Cool, right? Except that I had more than one PDF in the directory. So, something went wrong, right? But the issue is that there is no feedback about what went wrong. I did some digging into the logs and didn’t find anything. I was truly at a loss as to what it could be. Every PDF opened up in Acrobat so they were definitely valid PDFs, and of course, my assumption was that if they weren’t valid PDFs I would have certainly gotten some feedback.
I was wrong.
So, luckily, I got some help from Uday Ogra on the ColdFusion team. Turns out it was logged, just not in the log I expected. When I checked server.log, I saw this:
WARNING: Could not index /lotsofpathstuff/pdftest/temp/I-9.pdf in SOLR. Check the exception for more details: An error occurred during EXTRACTTEXT operation in <CFPDF>.
I quickly wrote a new CFM file that used cfpdf and the extracttext operation and confirmed that the error indeed made sense for the PDF in question. I opened the PDF in Acrobat, checked the document properties, and confirmed that it was blocked.
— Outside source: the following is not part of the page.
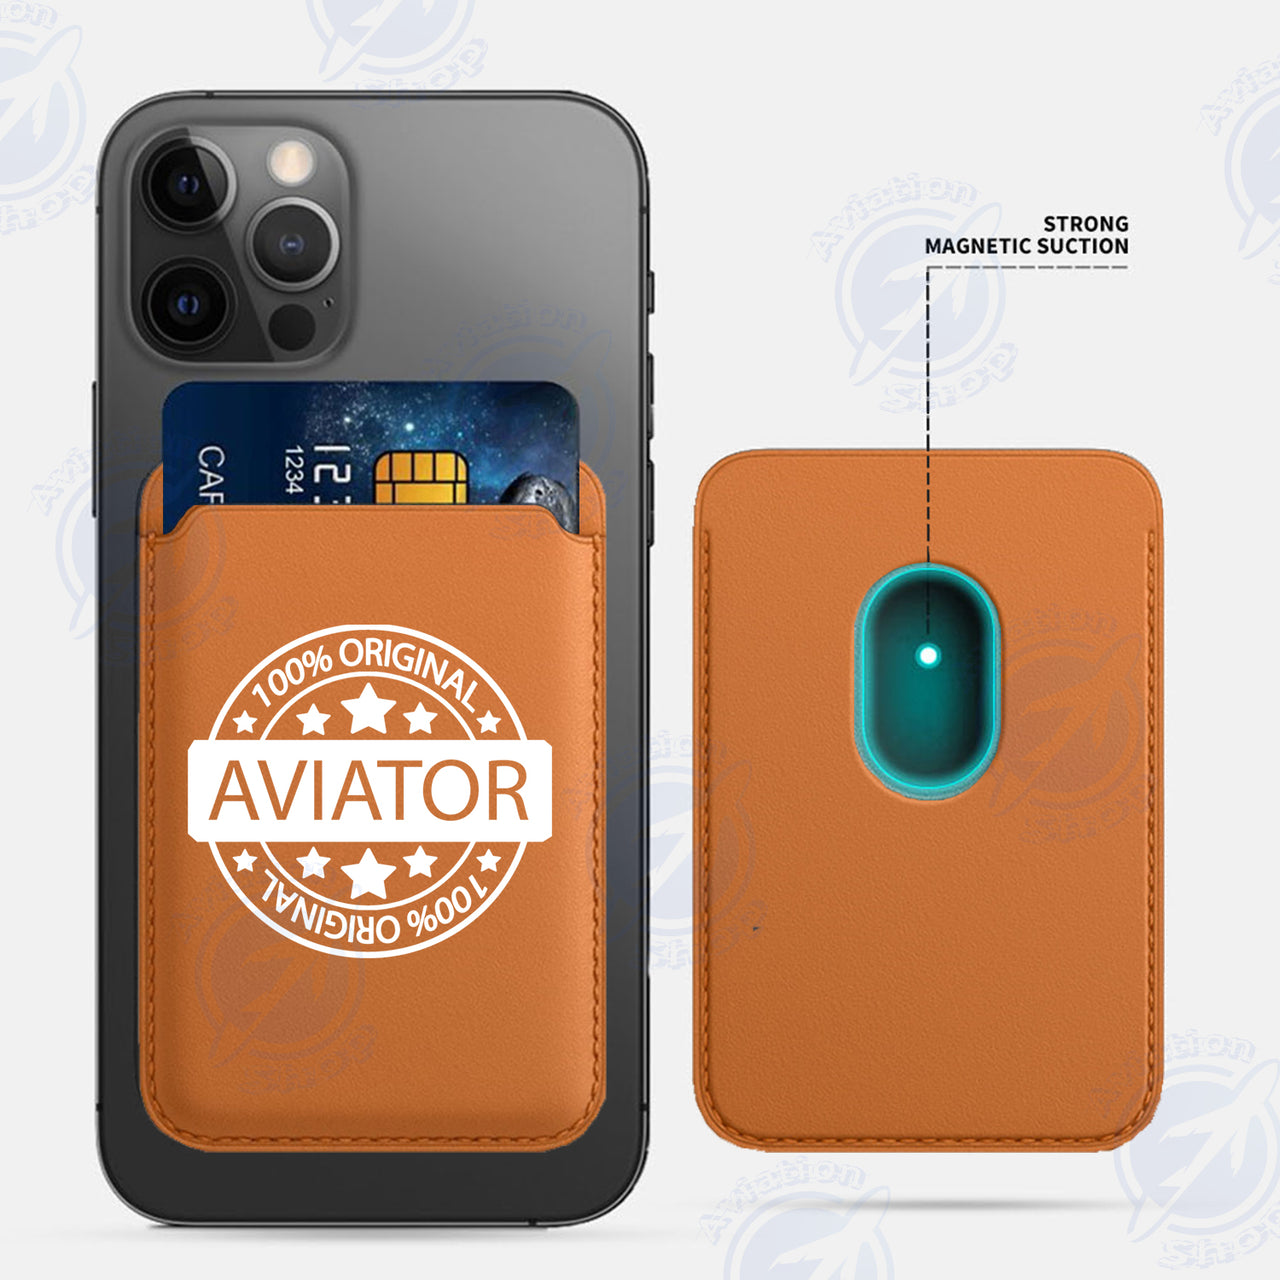 %100 Original Aviator iPhone Cases Magnetic Card Wallet

Ok, all of this makes sense then. But the issue is that there was no feedback given at the request time about a document failing or why it failed. Unfortunately, this to me is a feature killer. To be clear, I’m not talking about ColdFusion Solr integration as a whole, but if your business process involves indexing dynamic files then you can’t rely on knowing exactly what files are failing. Of course, they won’t always fail. In theory you could replace the “index the directory” operation with indexes of each and every file one by one. As you don’t get an exception you would need to check the status to see if the numbers add up. That’s a workaround, but a poor one in my opinion.
I filed a bug report on this issue where I proposed that the result struct return an array of errors. Each item in the array (if any exist) would consist of the full path to the file in question as well as the exception thrown. Adam Cameron suggested an optional argument to throw an error, which to me is the preferred approach.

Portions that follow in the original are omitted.